Your objective =>
Beginning with the line containing "Get the Roomba" and ending at the last line of the data, set down every line exactly, leaving out all pictures.

Source data =>
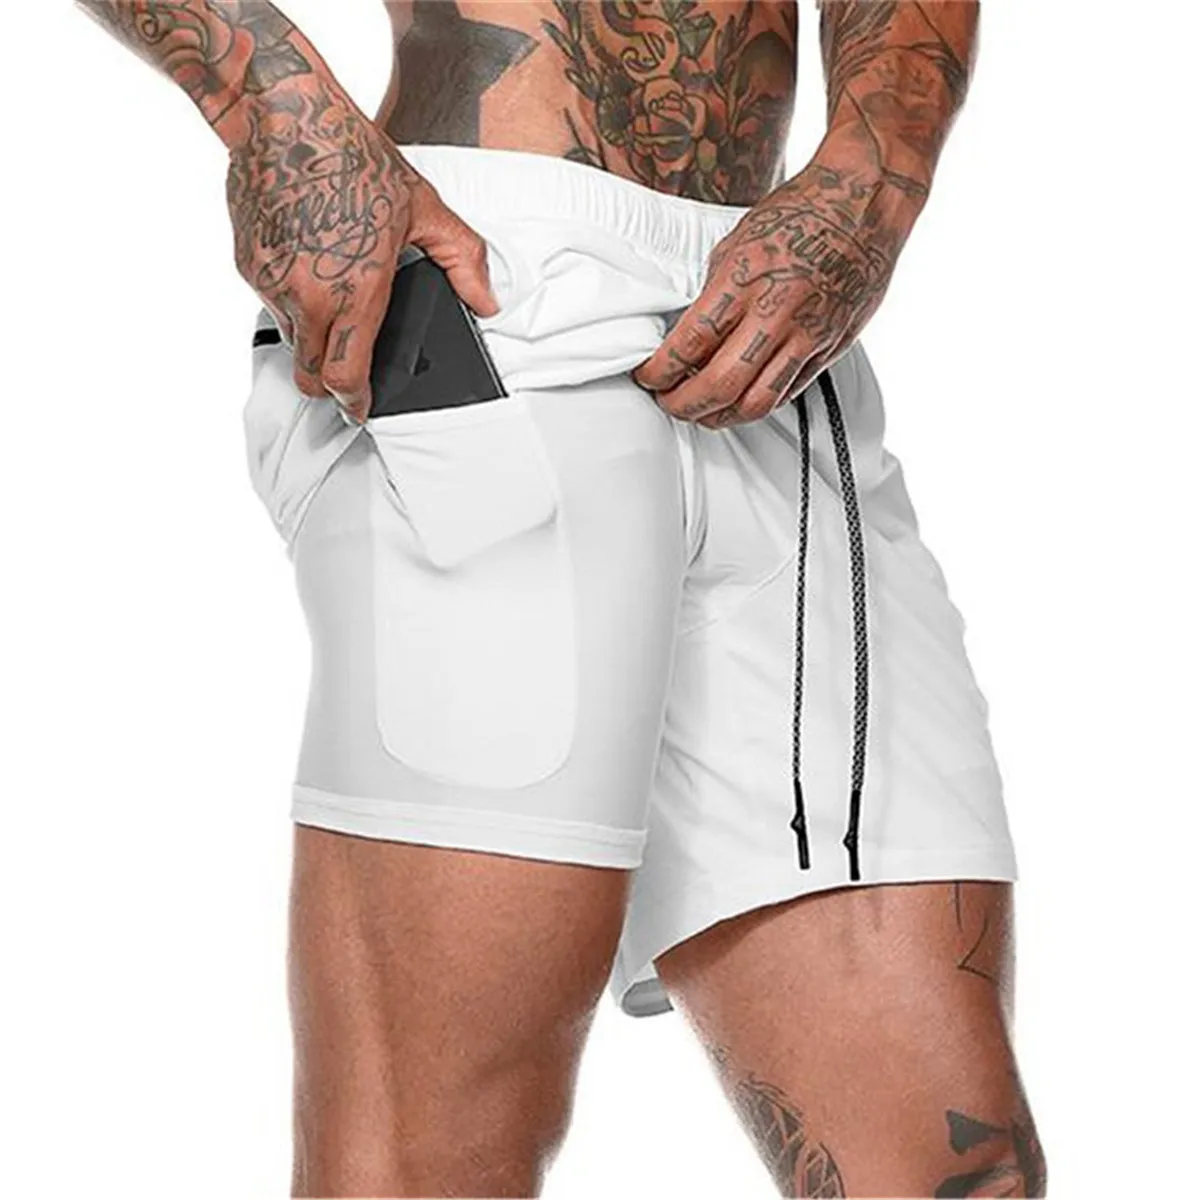 High Quality Double-deck Athletic Fitness Running Sport Workout Lining Gym Short With Phone Pocket Men's Boxer White Shorts
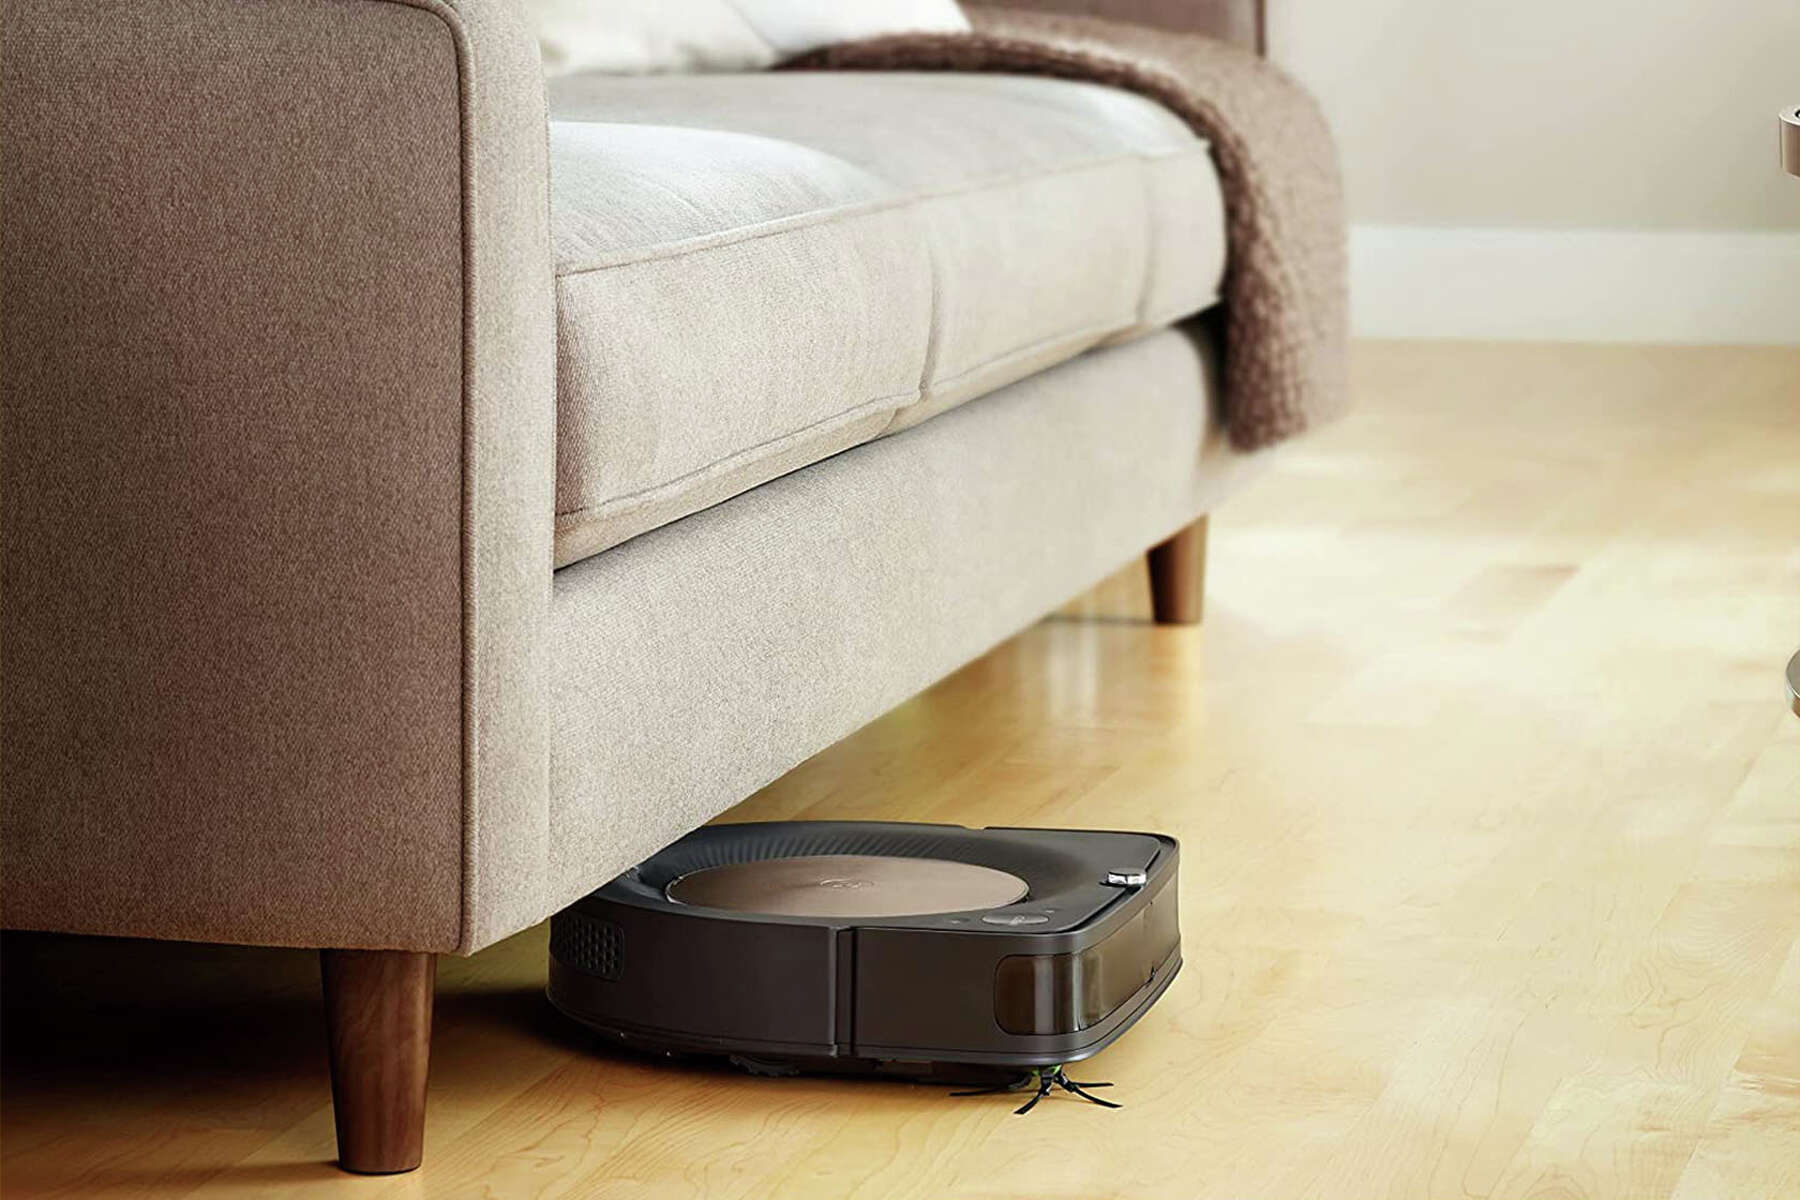 Get the Roomba s9+ for $300 off on  right now
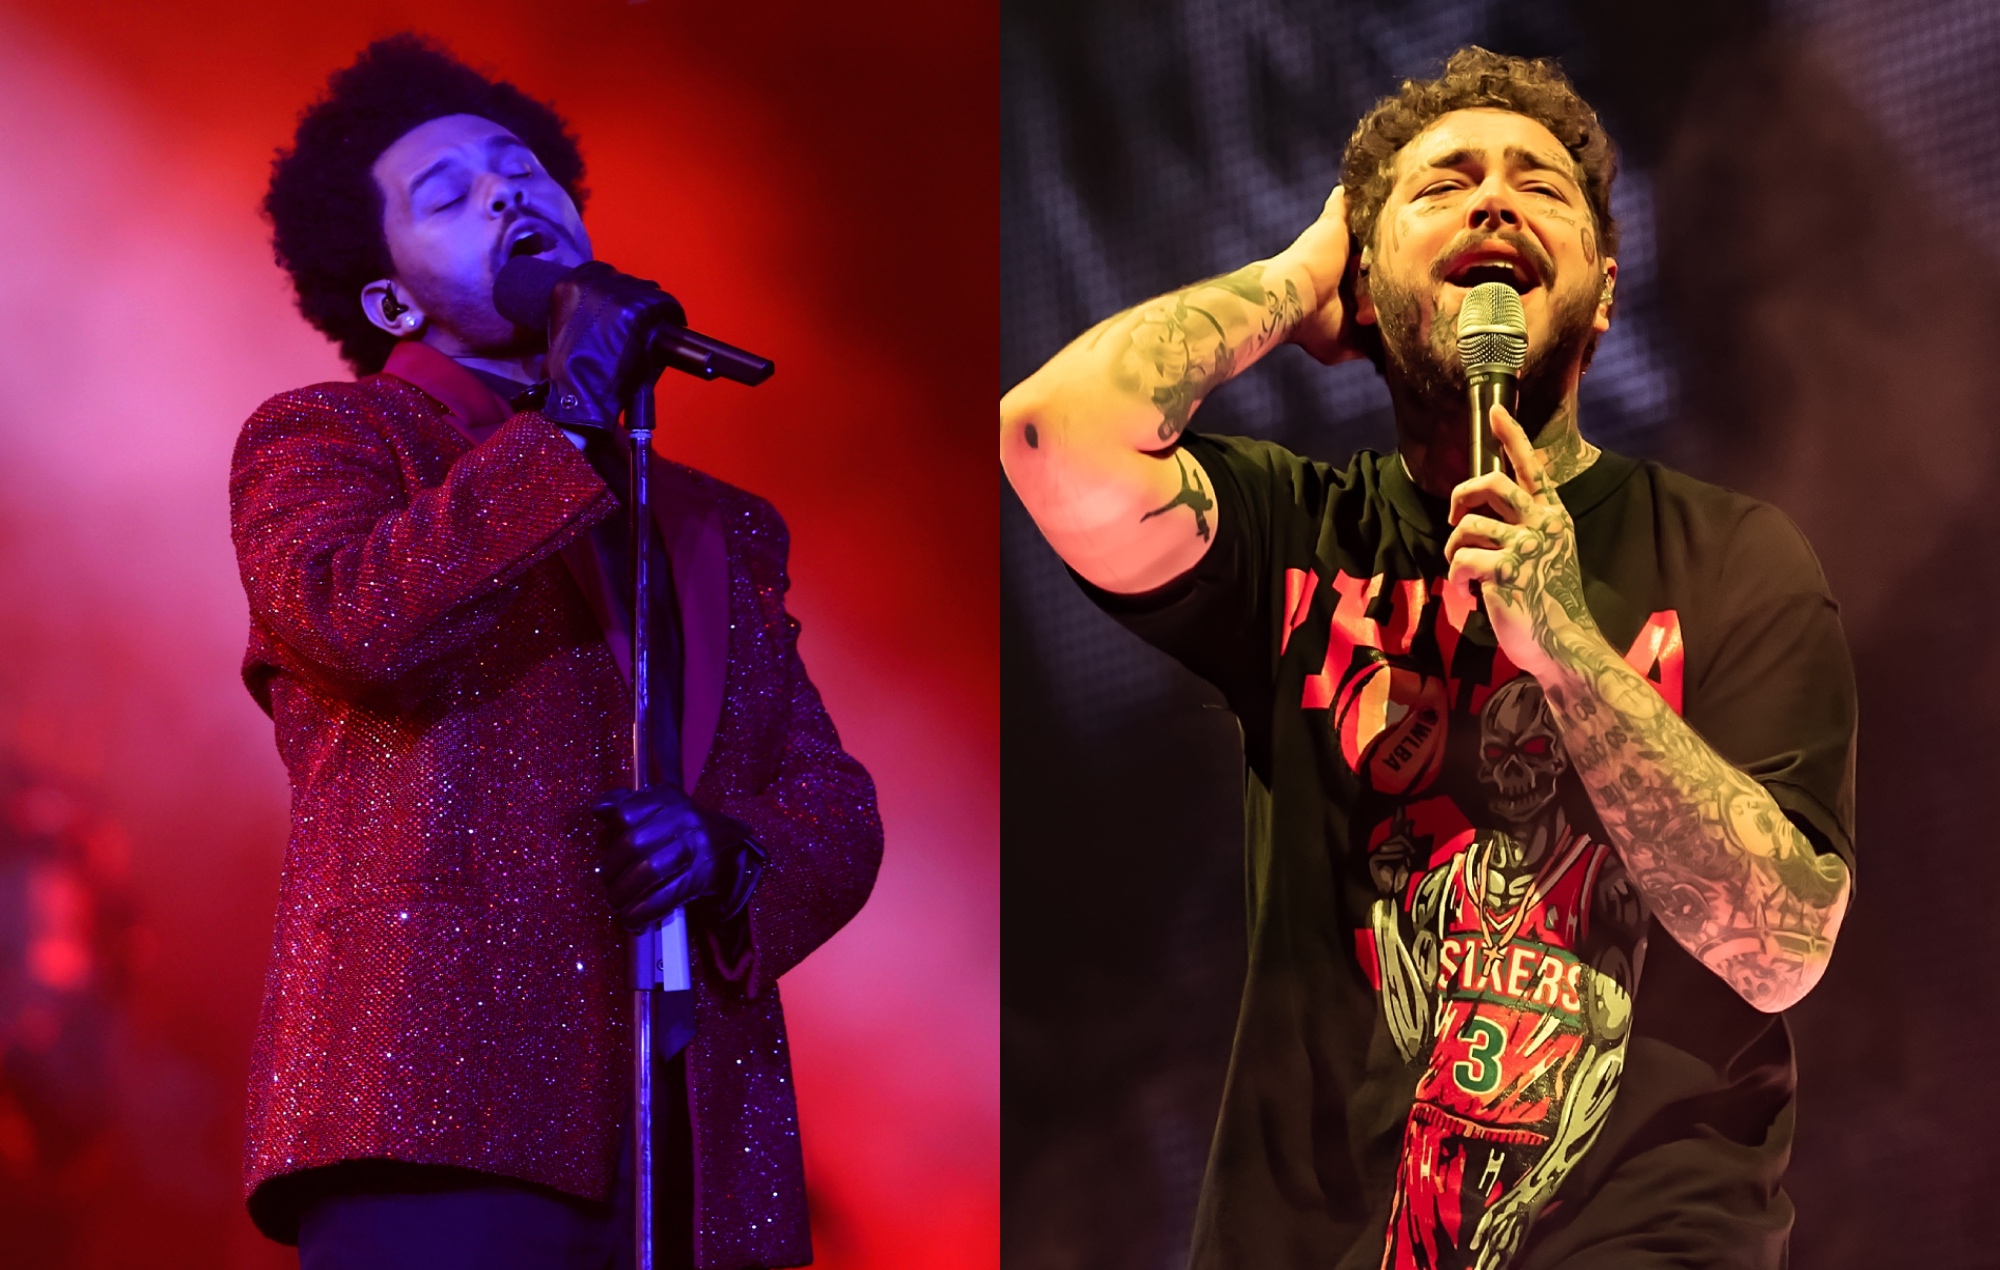 Post malone now. Post Malone the Weeknd. One right Now Post Malone the Weeknd. Концерт Post Malone зал. Post Malone 2015.

Worked solution =>
 Get the Roomba s9+ for $300 off on  right now
 Post malone now. Post Malone the Weeknd. One right Now Post Malone the Weeknd. Концерт Post Malone зал. Post Malone 2015.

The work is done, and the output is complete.